What about humor, parody, cynicism? Do these require a lack of commitment, a distance and amorphousness, a denial, refusal, or foreclosure of ownership? I’m thinking of the Daily Show, a blog, and Peruvian presidents. Are the utterances, performances, predicated on a refusal of an underlying belief or conviction? Or, are they premised on its constitutive absence? On a smooth ability to drift and flow, catching on nothing and open to anything? Are these about distance or perhaps more properly about defense? If the latter, perhaps it is defense of nothing or of nothingness, defense against an underlying lack or foreclosure?

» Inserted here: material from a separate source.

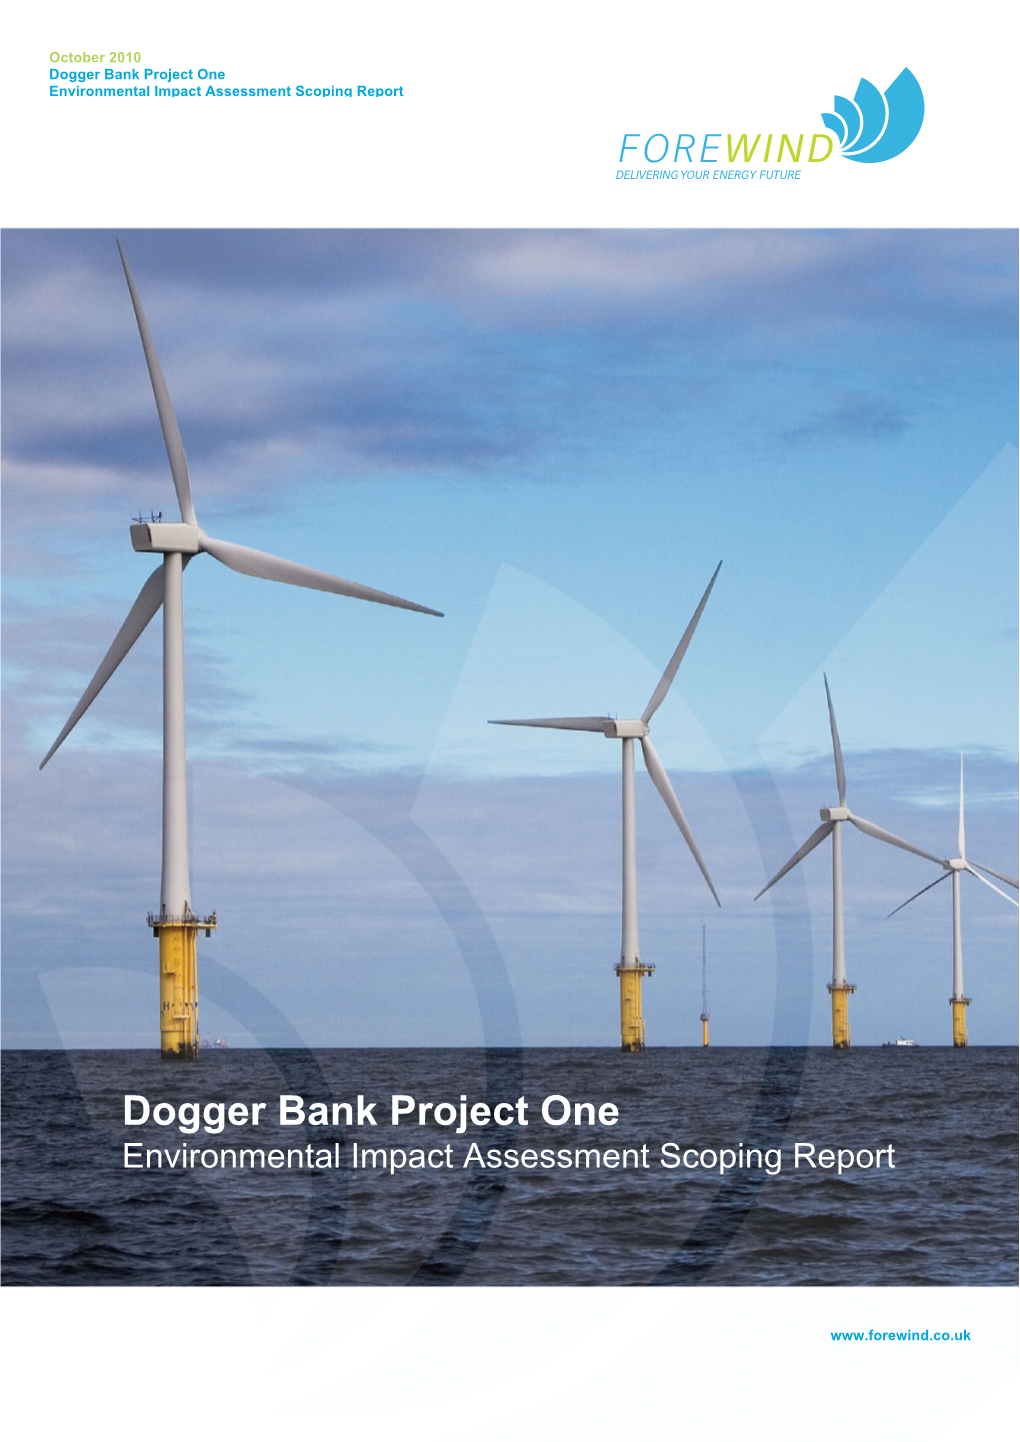 Dogger Bank Project One Environmental Impact Assessment Scoping Report

I’m too worn out from editing (hey, maybe I can get Anthony to do the indexing later… he seemed to enjoy it with the journal issue he put together recently. Kudos to Anthony)… To resume my thought, I’m too worn out to build on Jodi’s fascinating observations (why can’t I deploy theory with respect to the day to day like that?), but I wonder how this example of parody might fit with the model she suggests in her post. It seems to me that Jodi’s remarks revolve around the perspective of the speaker and the way in which they strive to defend against some desire. For instance, I might use sarcasm or irony as a way of managing uncomfortable desires with respect to the person I’m talking to. These desires might be something as simple as the desire to be recognized and the worry that I won’t, to more profound desires pertaining to love and friendship. Sarcasm can then function as a sort of defense by allowing me to diffuse the powerful jouissance that threatens the integrity of my being in relation to the person I’m speaking with. In the clinic, descriptions of such jouissance often come up when the analysand is describing their relation to certain privileged Others in their interpersonal relations. They might talk about feeling overwhelmed by these feelings, as if their bodily integrity has somehow been pierced or invaded. Certain rhetorical maneuvers then set in to diffuse this tension and re-establish equilibrium or a safe distance. All of this, of course, can be deeply paradoxical as the jouissance can be experienced as pleasurable yet overwhelming, like an intense feeling of love that is too much to bear. I once heard an analysand worry over whether his face might “blow off” (an interesting choice of words) during certain moments with his lover. He took tremendous pleasure from these encounters, but also felt that he must flee them.

At any rate, the parody and humor at work in this demonstration seems to be about something different. Here the clowns do not seem to be defending themselves, so much as they seem to be distancing the neo-nazis from their own signifiers, causing them to slide this way and that through a series of equivocations and pseudo-homonyms. Not only does a recoding of the hate speech take place, but something like the analytic discourse institutes itself by virtue of the clowns not receiving the neo-nazi’s messages (thereby underlining Lacan’s aphorism that “all communication is miscommunication” in a rather pointed way). What are we to make of the way the message strategically fails to be received in this particular protest? Lacan argues that all messages have their ideal receiver or Other– the person to whom that message is addressed. By undermining the reception of the message, do the clowns also undermine the Other for whom the neo-nazis stage their message? Finally, what role does a third observer– neither clowns nor neo-nazis but those witnessing the event –play in this encounter, and how does the clown’s strategy transform the neo-nazis relationship to this third? At any rate, I’m tickled to see such inventiveness in a protest.